Production costs are estimated under three different electrolyzer cost scenarios: neutral/business-as-usual, an optimistic scenario with lower electrolyzer cost assumptions, and a pessimistic scenario with higher electrolyzer cost assumptions across various costs of capital (Figure 4). Costs are projected in three different years: 2022, 2030 and 2050. In 2022, under the lowest assumptions for cost of capital, estimated median green hydrogen costs in India are approximately $6 per kilogram ($5.30-6.70 per kg). By 2030, estimated costs fall to $5.50 ($4.30-6.70 per kg). By 2050, costs fall to $4.05 ($3.30-4.80 per kg). These cost ranges align with estimates seen in a number of previous analyses. The main assumptions to derive these figures are outlined in Table 3 with a full description in Appendix A.

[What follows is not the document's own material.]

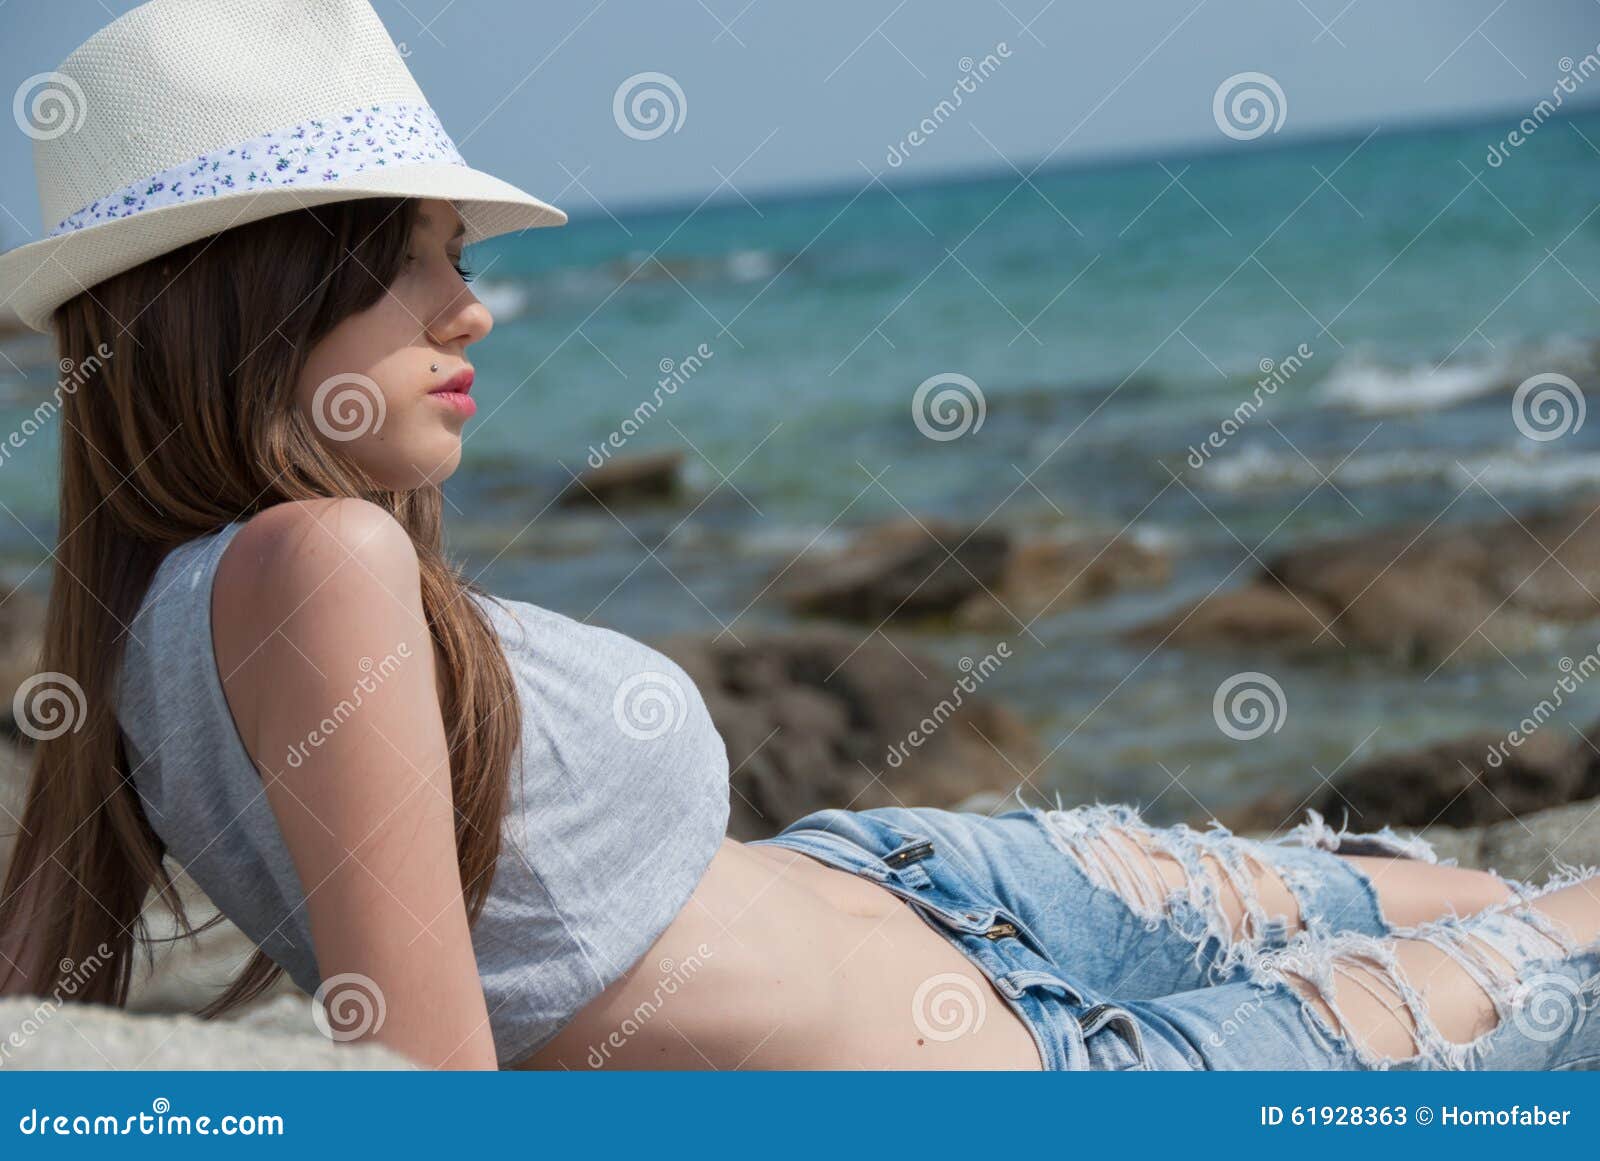 Young Girl Wearing Shorts And Crop Top And Hat Posing Outside Stock Image Image Of Clothing Europe

The largest drivers of production cost are cost of capital and capital equipment cost of solar energy systems and electrolyzers. In 2022, the analysis suggests that solar and electrolyzer capital costs account for approximately two-thirds of overall levelized cost, evenly split between equipment costs and the cost of capital (discount rate). Operating costs of solar systems and electrolyzers for green hydrogen production are less than 5 percent of total levelized costs.

Even with optimistic reductions in capital equipment costs, the cost of capital required to finance that equipment must also decrease. Alone, falling capital costs result in cost estimates of $4 per kg by 2050, two times more expensive than 2022 conventionally produced grey hydrogen costs (Table 1). Higher costs of capital (10 percent and 15 percent) increase this disparity, resulting in production cost estimates 20-60 percent higher than the lowest cost of capital (5.9 percent), creating a cost premium between 2 – 3.5 times current grey hydrogen prices.

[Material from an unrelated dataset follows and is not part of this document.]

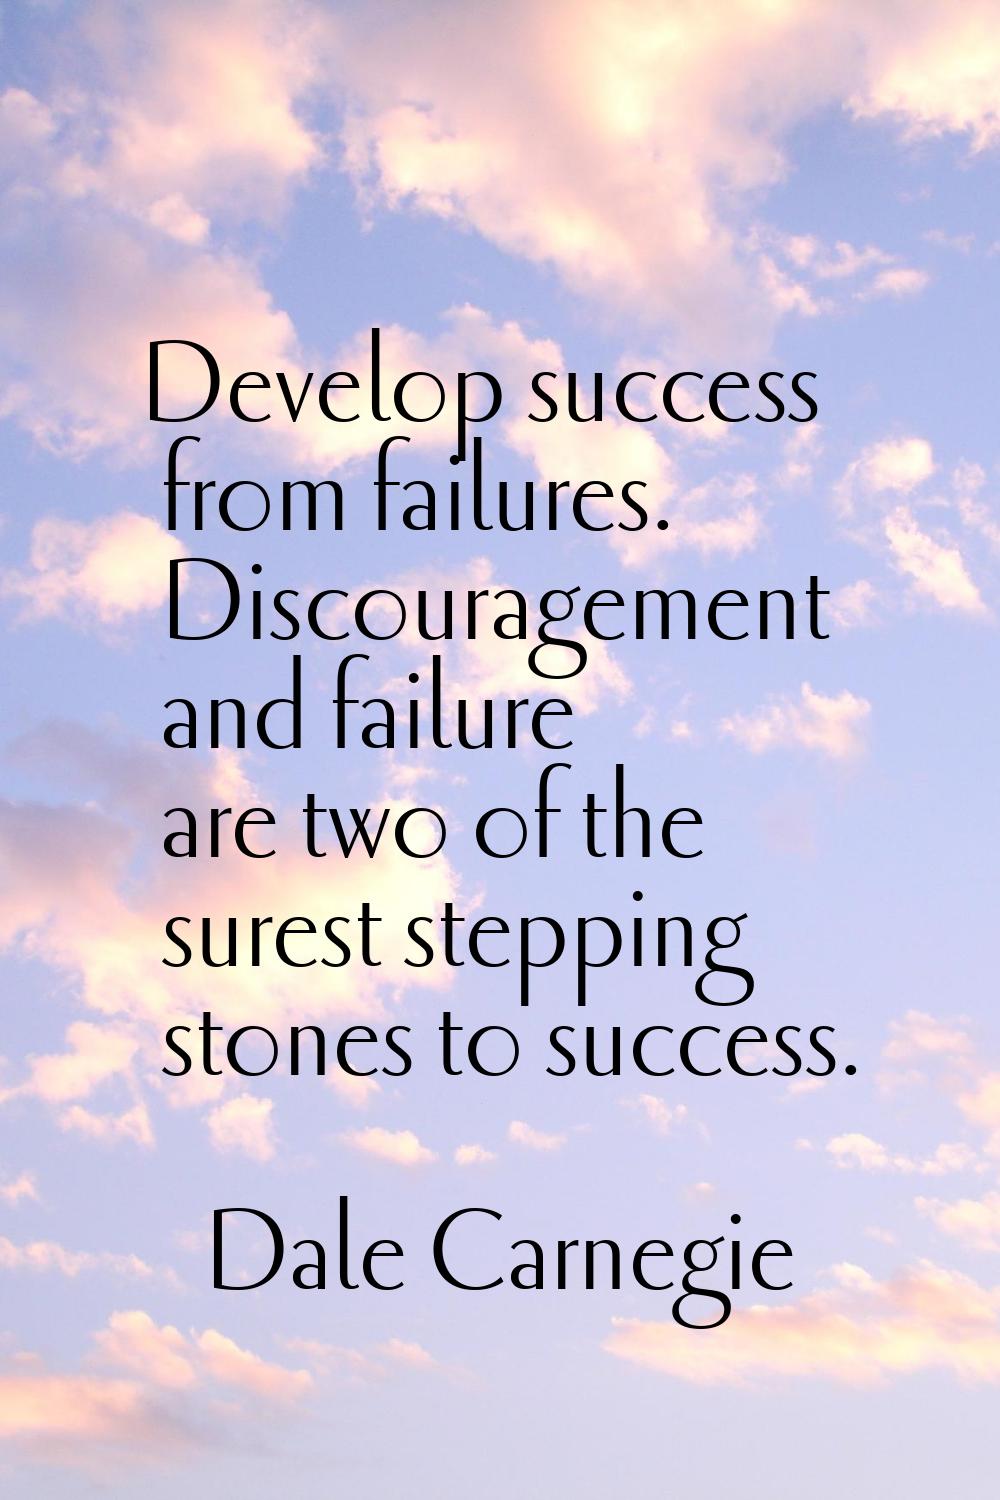 Develop success from failures. Discouragement and failure are two of the surest stepping stones to

Cost of capital is consequently a limiting factor in green hydrogen production costs. Cost of capital for green hydrogen projects can vary widely, often because of diverse risk factors. These include:

Technology Risk: Green hydrogen production is a new and growing industry. Electrolyzer costs are uncertain, safety standards and definitions range from country to country, or are non-existent. The lack of large-scale projects means that uncertainty also exists regarding maintenance time, electrolyzer efficiencies and lifetimes, repair costs, and other unforeseen challenges. These challenges increase the technology risk associated with project financing, resulting in significantly higher costs of capital and subsequent production costs.

Demand Risk: Securing both long and short-term off-takers for hydrogen production is one of the largest barriers for projects looking for funding. Without an established selling price, hydrogen production is subject to market volatility and the uncertainties of fluctuating demand trends.

Policy Risk: Policy incentives, governmental regulations, and clean hydrogen standards are evolving. The absence or presence of these incentives and regulations can swing the price difference between grey and green hydrogen significantly, resulting in added uncertainty for investors or project developers.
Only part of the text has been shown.